**REQUIREMENT**
Before copying, find the line below that contains "EIBACH 65mm, Pro-Spacer"; then return it and all later lines exactly, up to and including the final line, with no pictures.

**DATA SECTION**
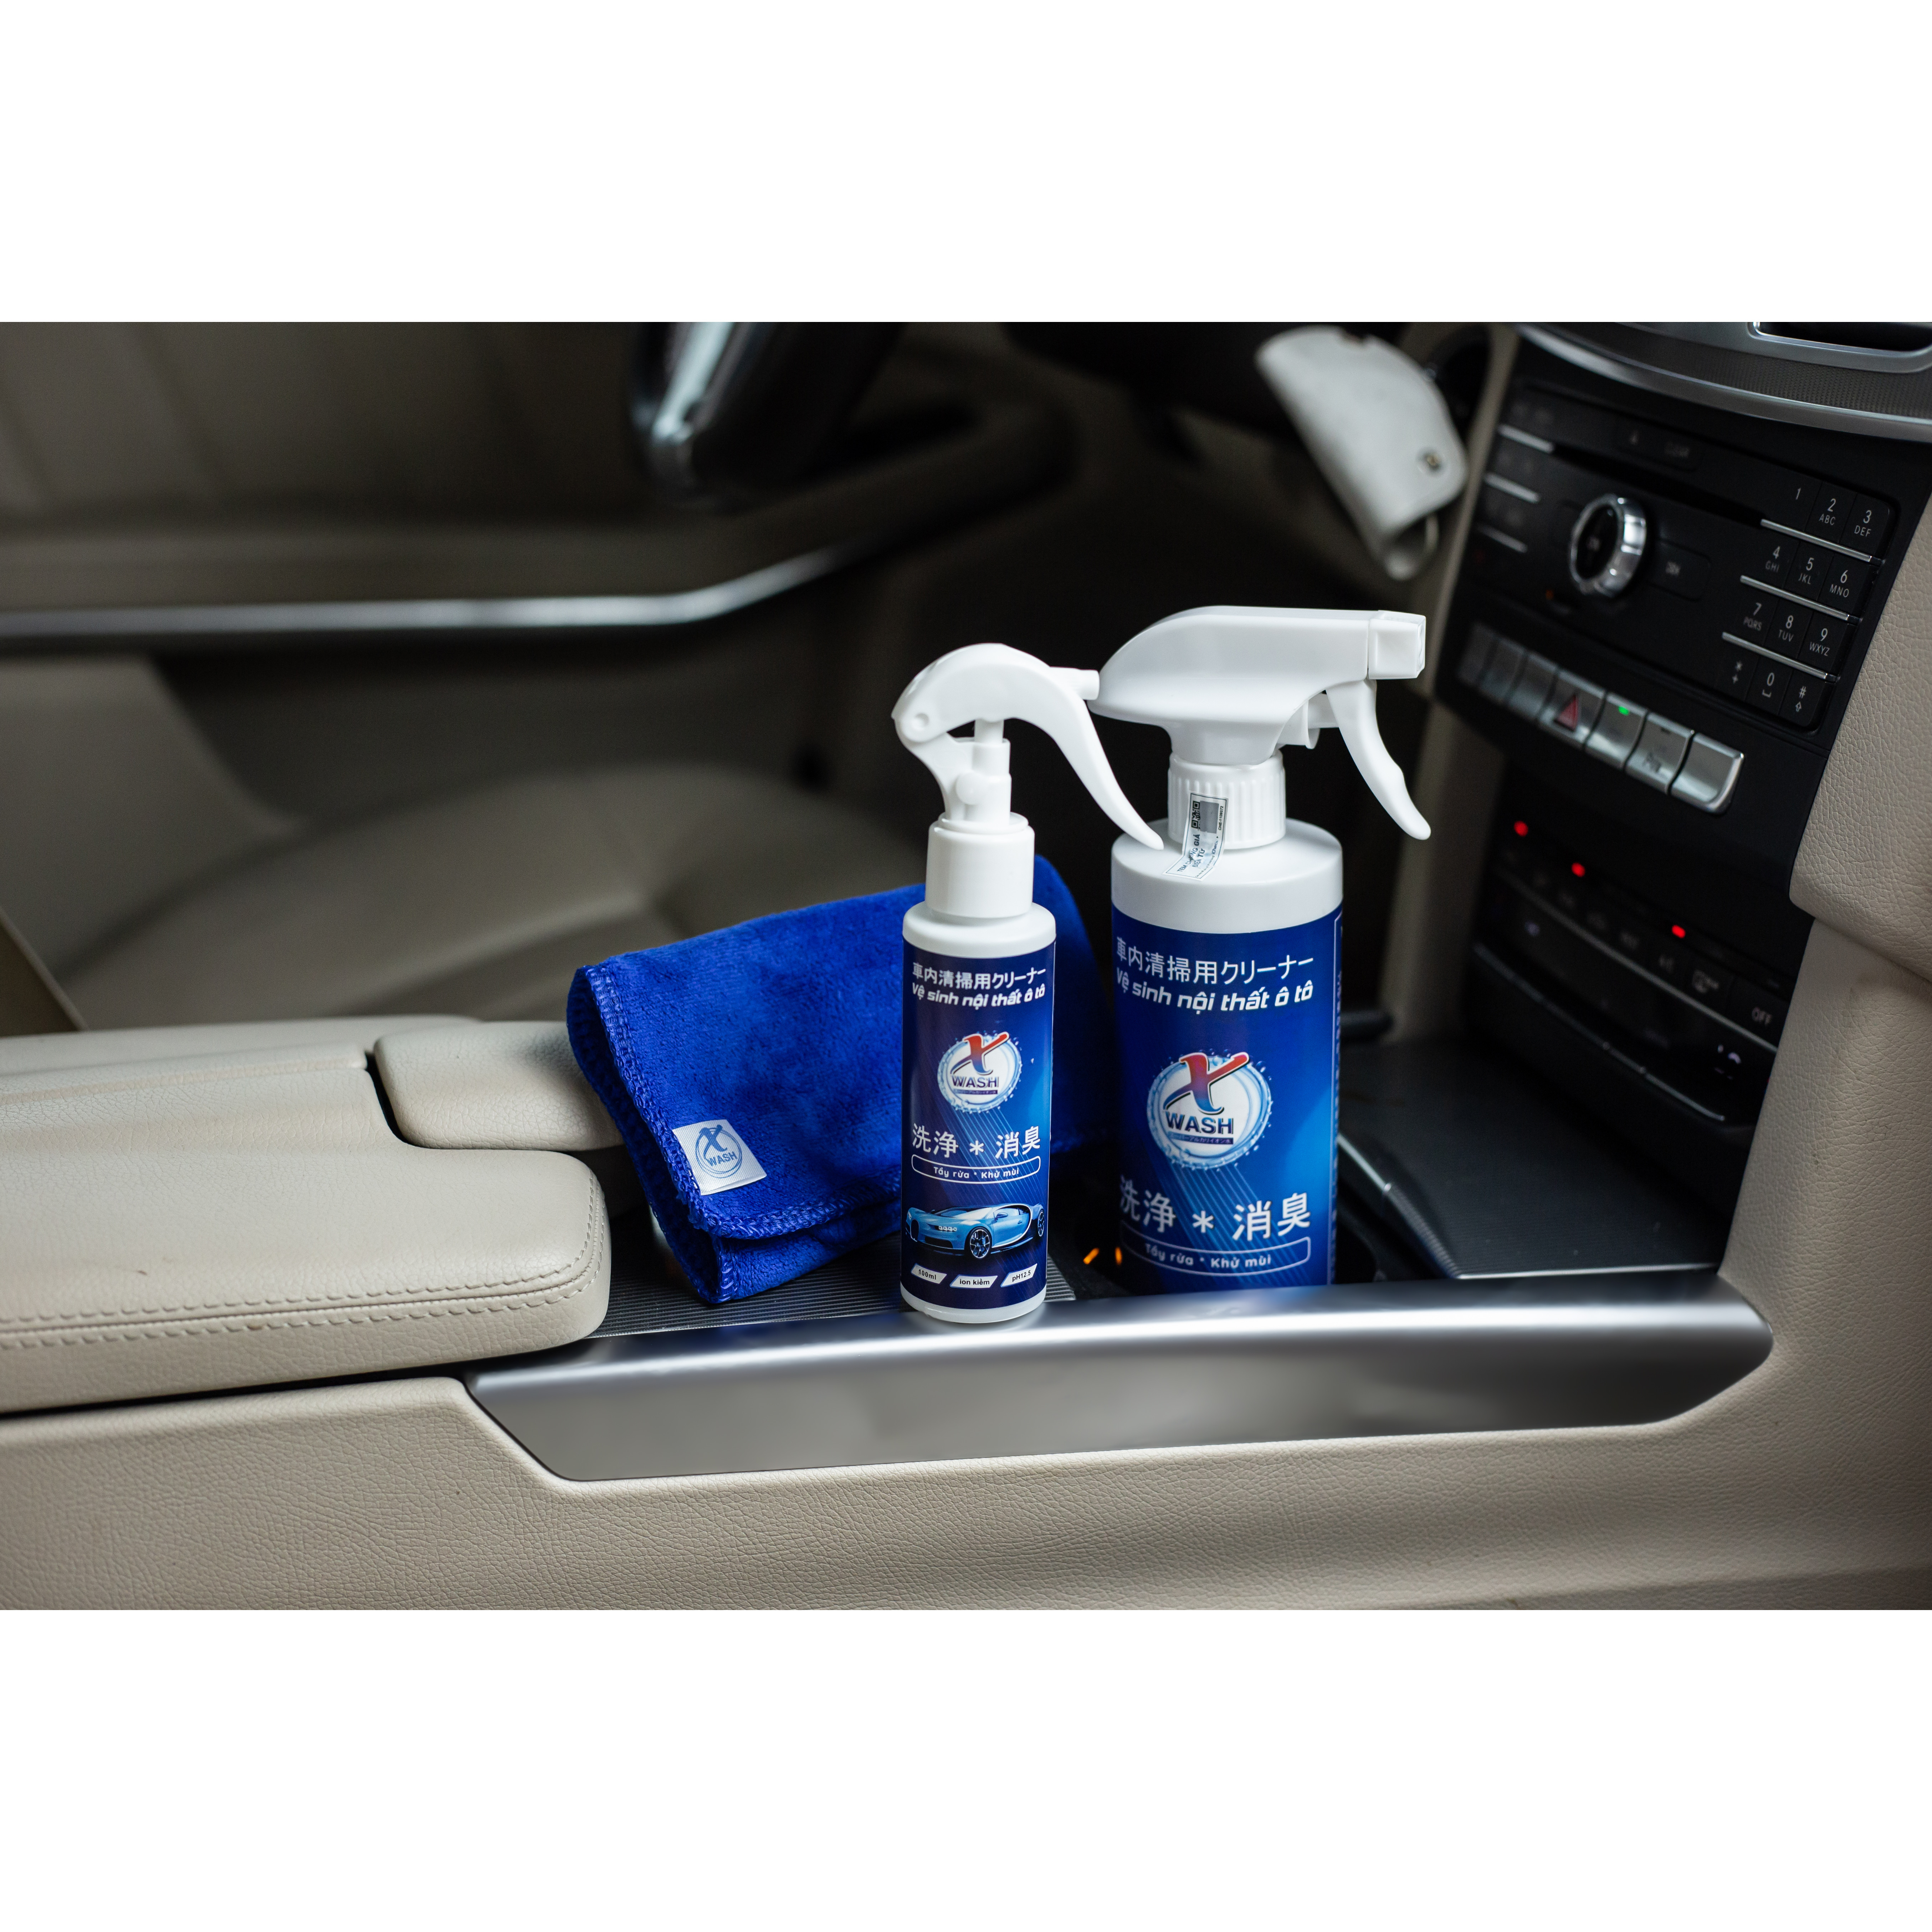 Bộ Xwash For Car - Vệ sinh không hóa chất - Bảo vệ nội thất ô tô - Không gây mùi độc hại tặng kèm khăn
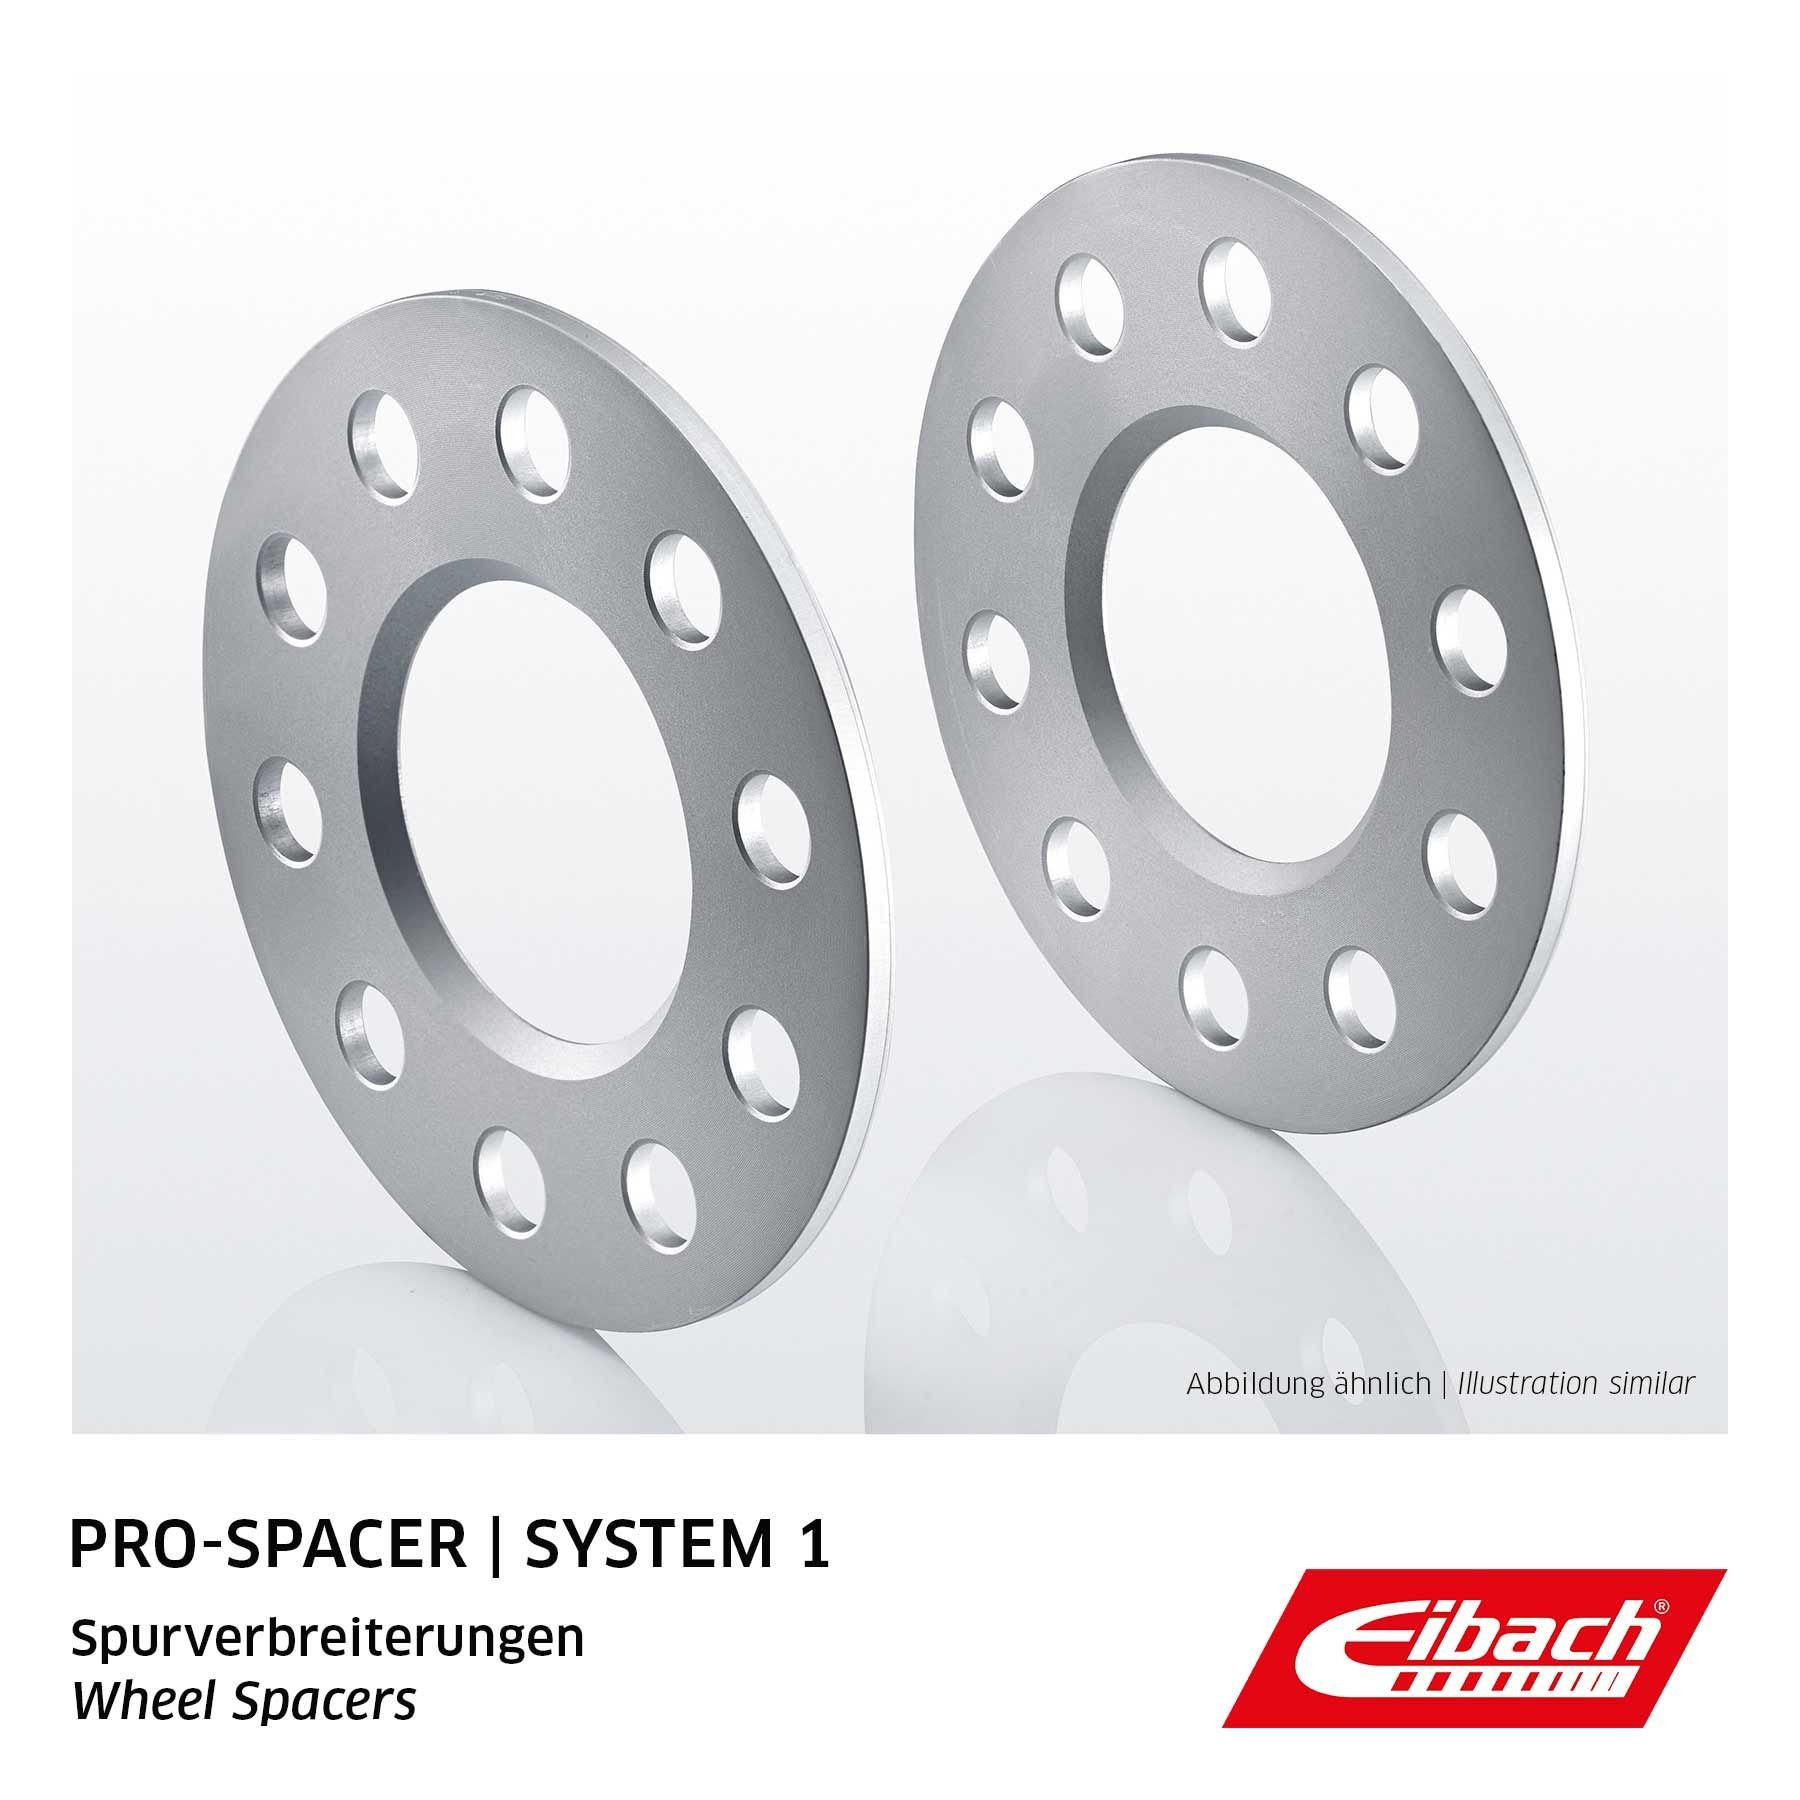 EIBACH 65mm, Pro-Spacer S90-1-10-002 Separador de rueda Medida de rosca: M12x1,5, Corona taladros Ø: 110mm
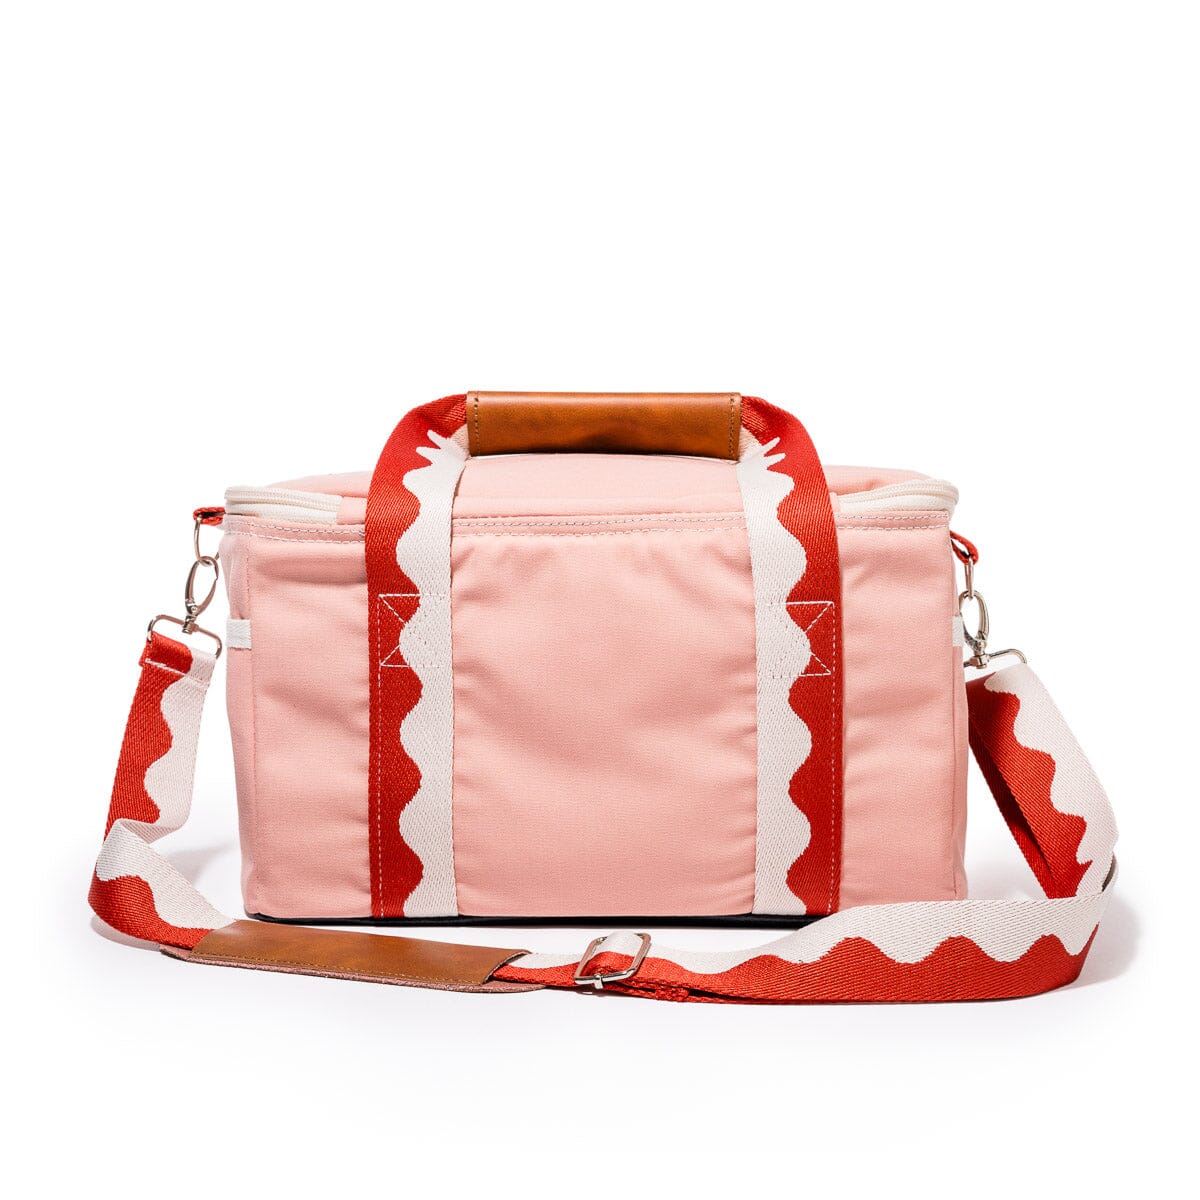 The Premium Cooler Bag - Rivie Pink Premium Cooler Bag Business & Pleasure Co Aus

**RESULT BELOW**
 EIBACH 65mm, Pro-Spacer S90-1-10-002 Separador de rueda Medida de rosca: M12x1,5, Corona taladros Ø: 110mm
 The Premium Cooler Bag - Rivie Pink Premium Cooler Bag Business & Pleasure Co Aus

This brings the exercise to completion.